··· THE DATA ···
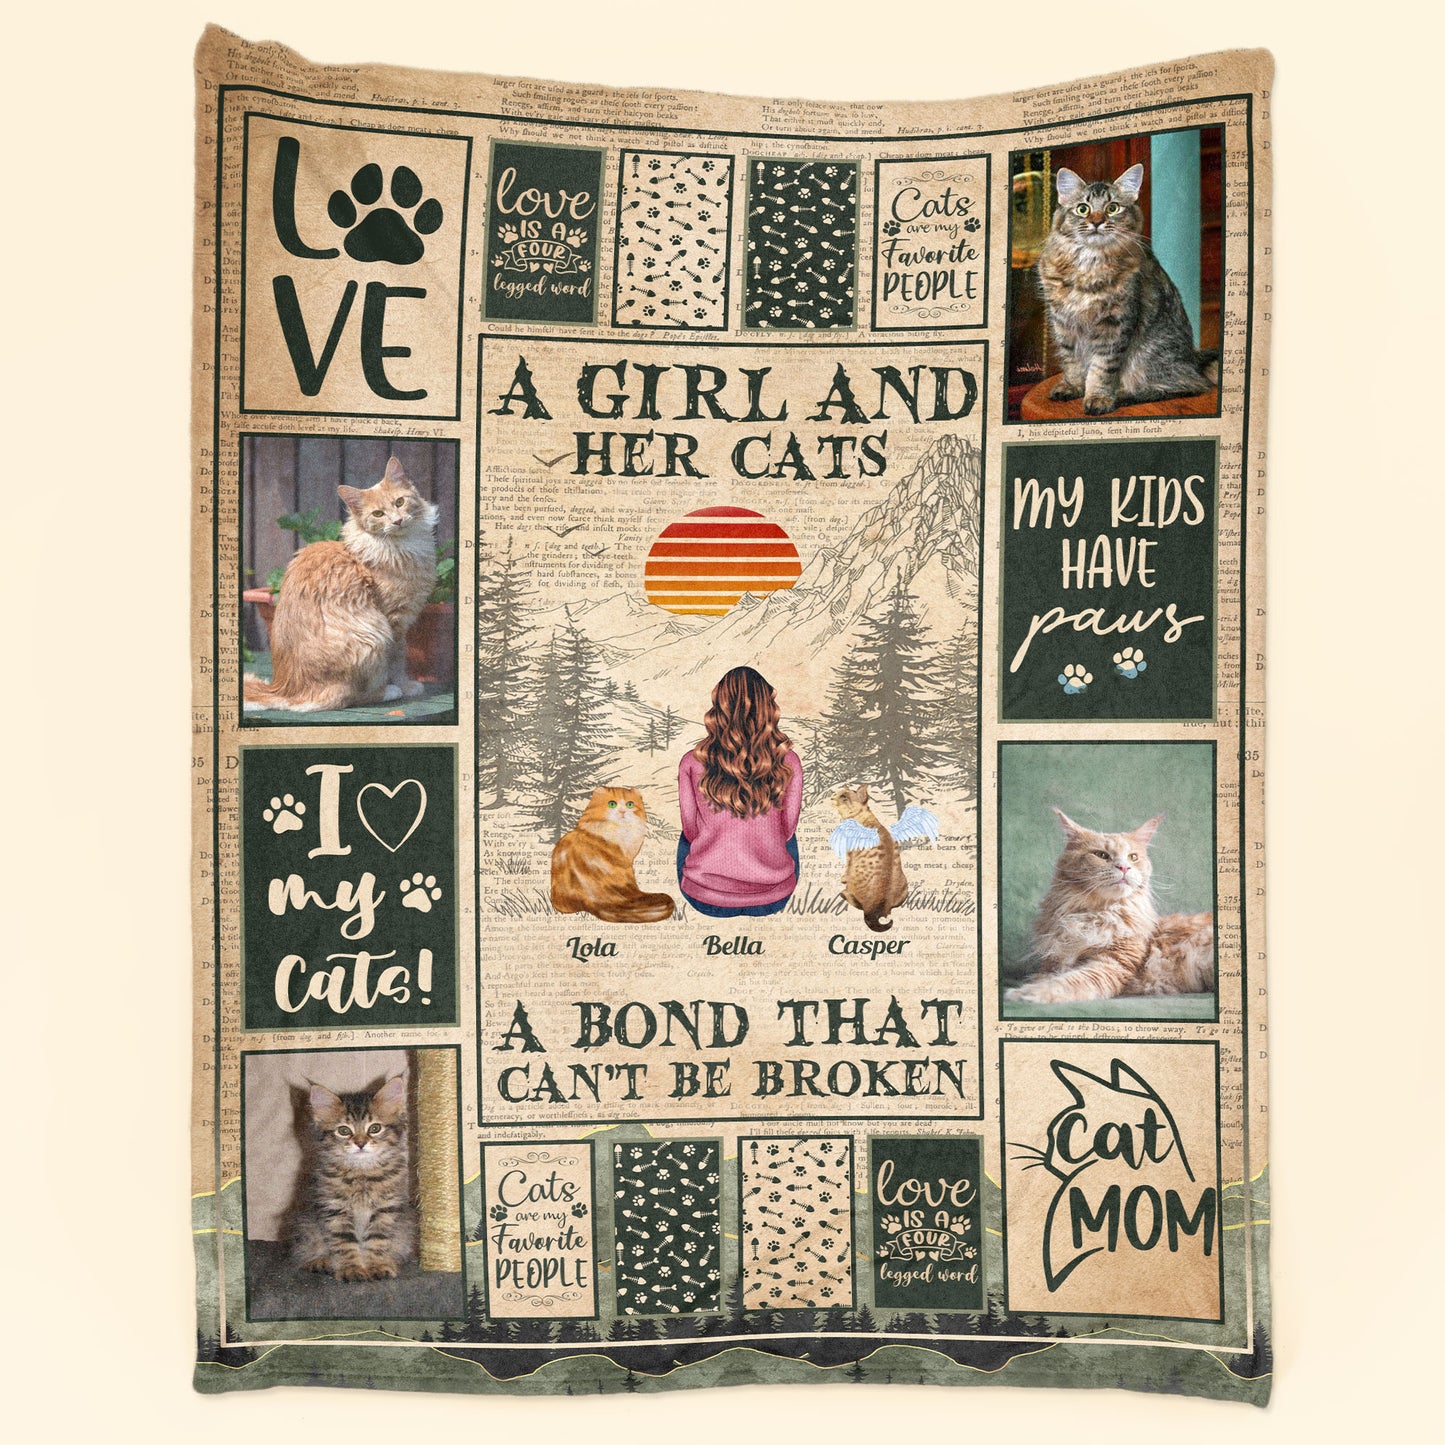 A Girl And Her Cats Unbreakable Bond - Personalized Photo Blanket
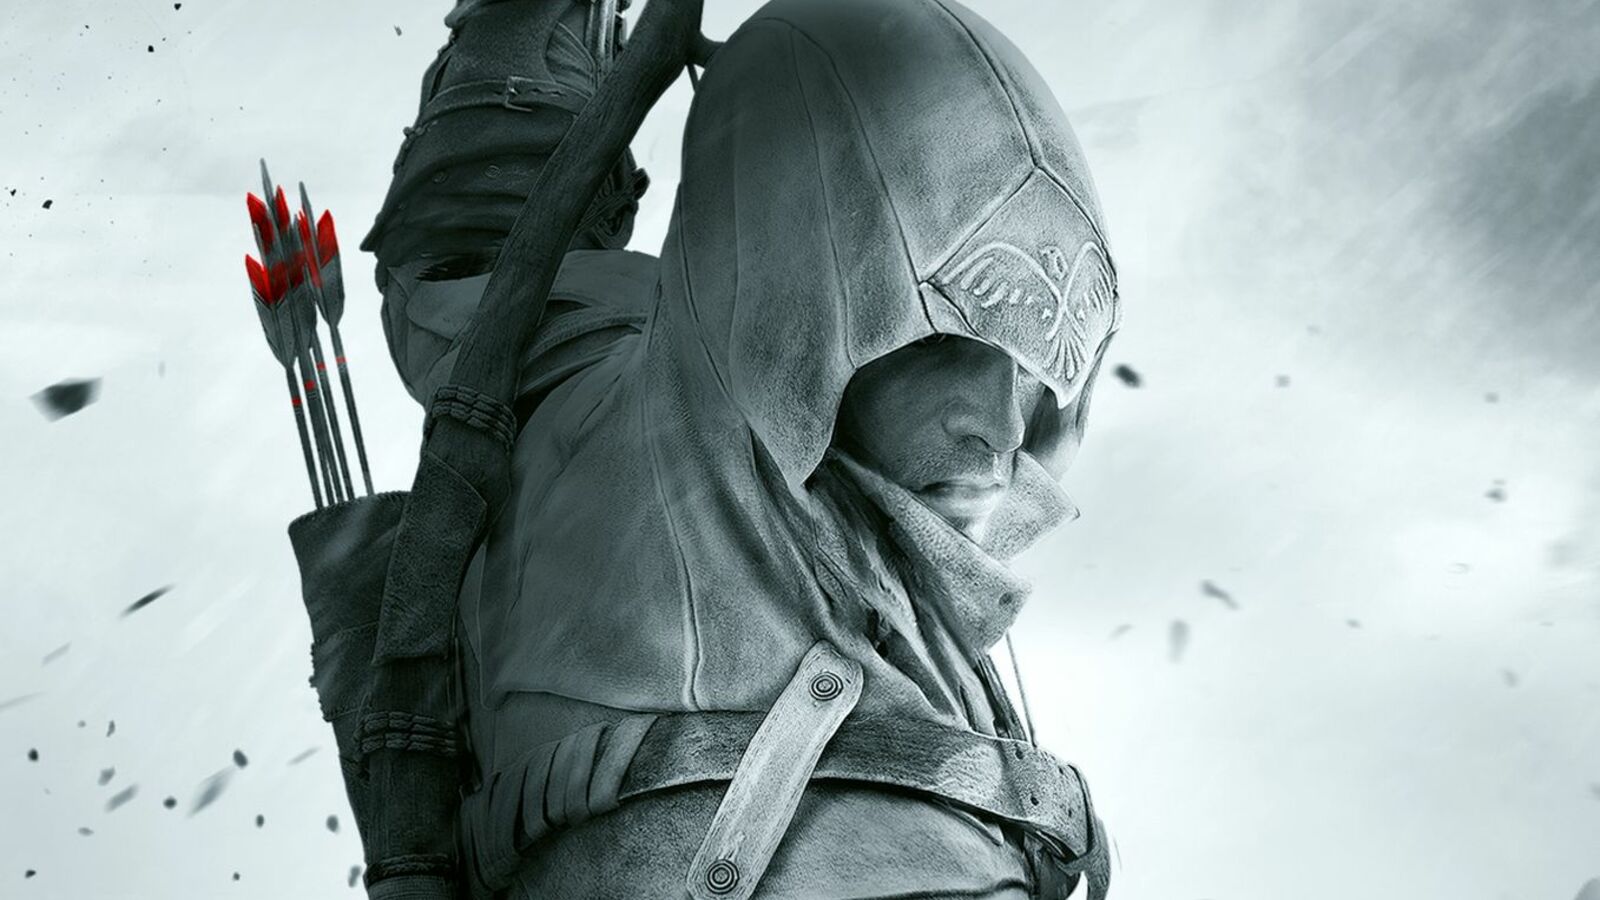 Assassin's Creed 3 Remastered and recommended PC specs
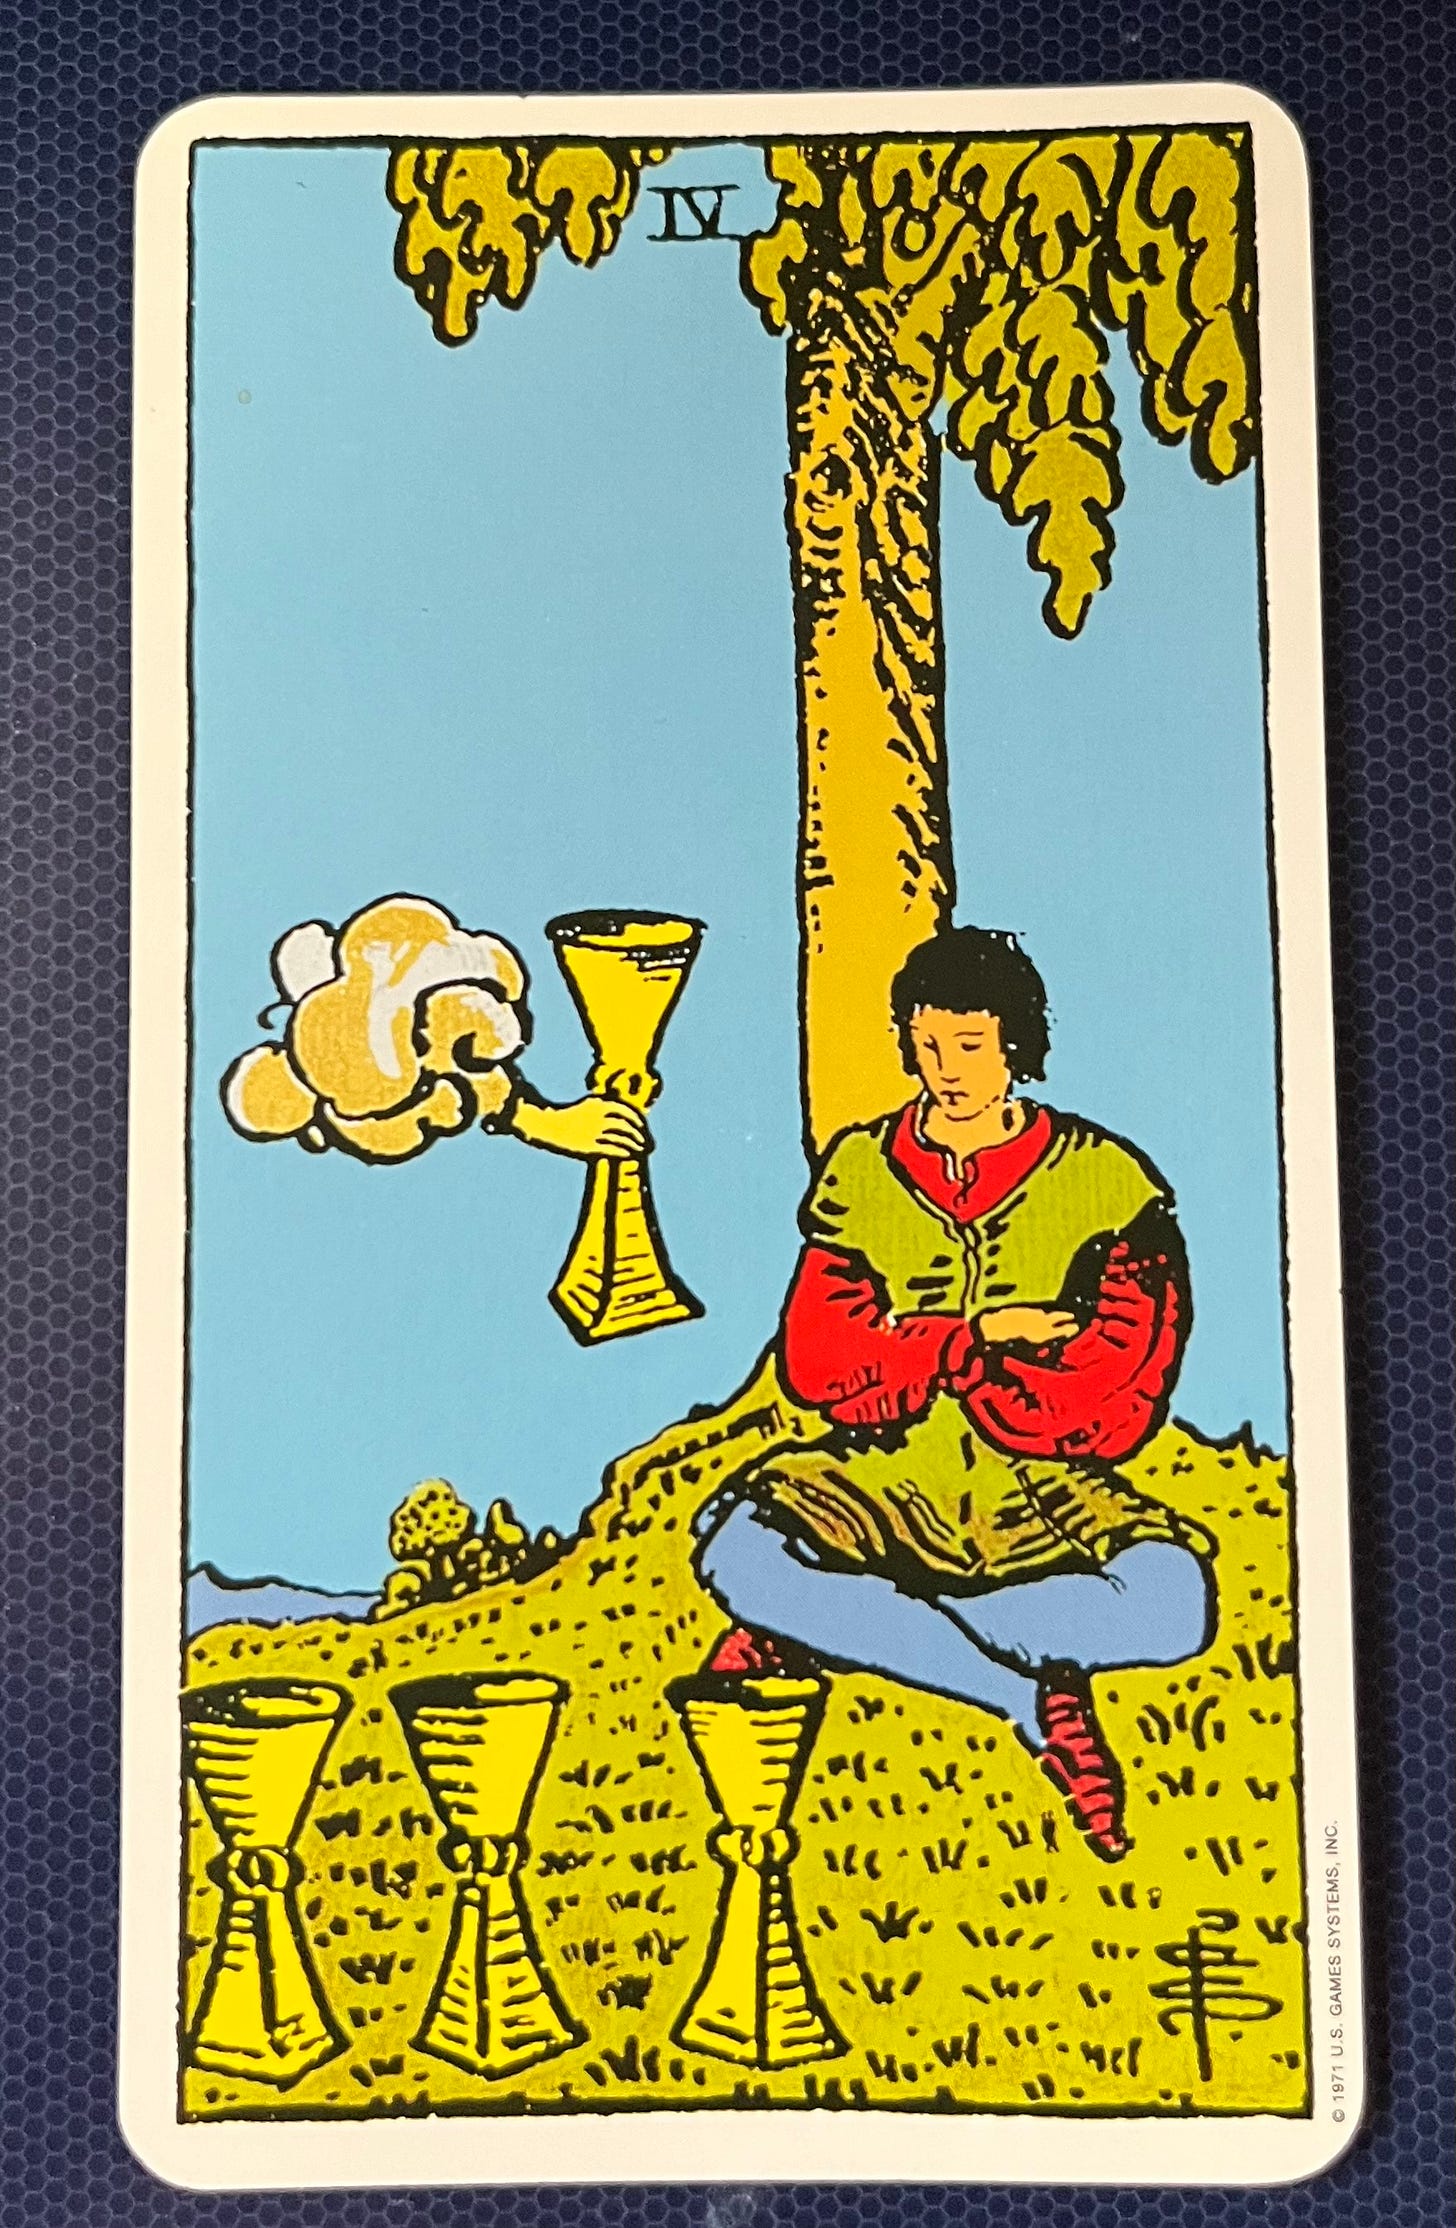 The image is of a tarot card, specifically the Four of Cups. It depicts a person sitting under a large tree with abundant foliage. The individual is holding one golden chalice and there are three additional chalices on the ground beside them. Above in the sky, there’s a cloud from which an arm extends offering yet another golden chalice to the individual. The background is blue with a white border around the edge of the card
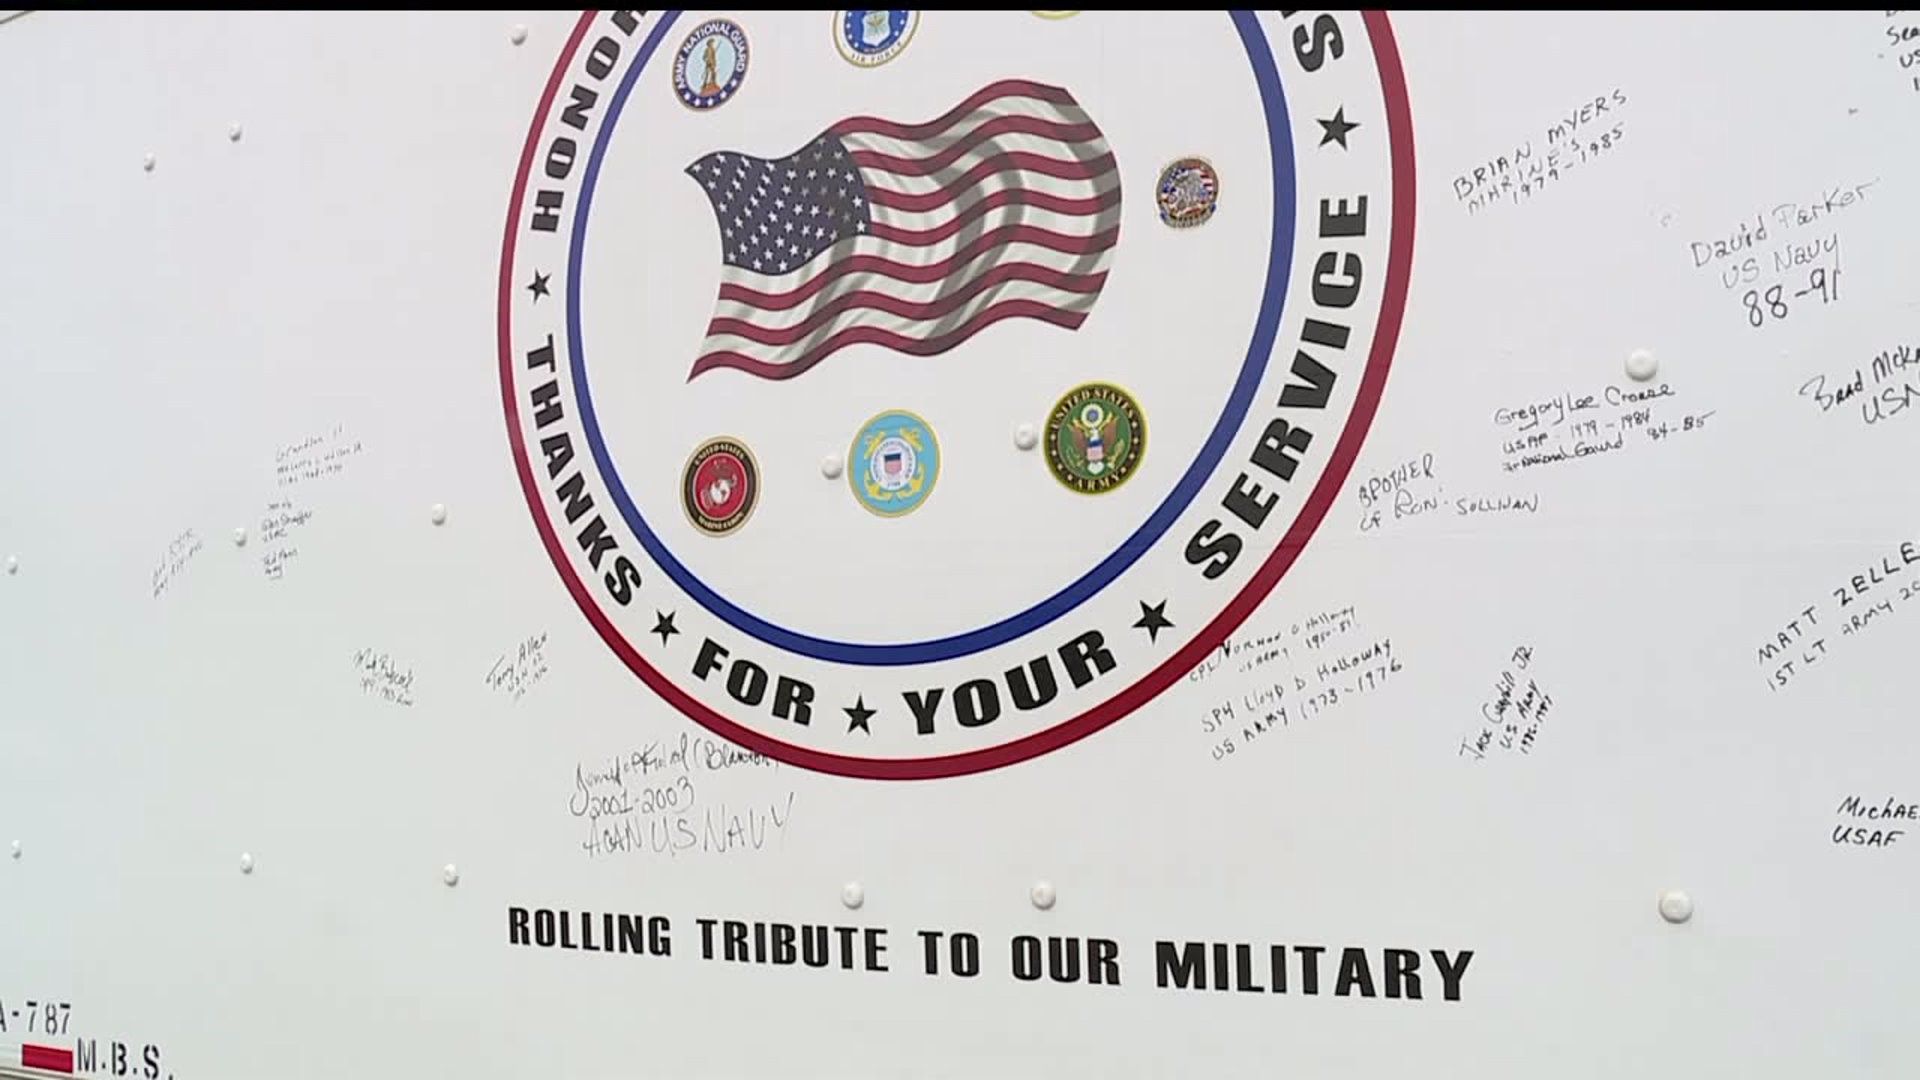 Box truck carries names of military veterans across Central PA
···
## TASK GOAL
Pictures do not belong in the copy; repeat the rest of the listing exactly.

## RESULT
 A Girl And Her Cats Unbreakable Bond - Personalized Photo Blanket
 Assassin's Creed 3 Remastered and recommended PC specs
 The image is of a tarot card, specifically the Four of Cups. It depicts a person sitting under a large tree with abundant foliage. The individual is holding one golden chalice and there are three additional chalices on the ground beside them. Above in the sky, there’s a cloud from which an arm extends offering yet another golden chalice to the individual. The background is blue with a white border around the edge of the card
 Box truck carries names of military veterans across Central PA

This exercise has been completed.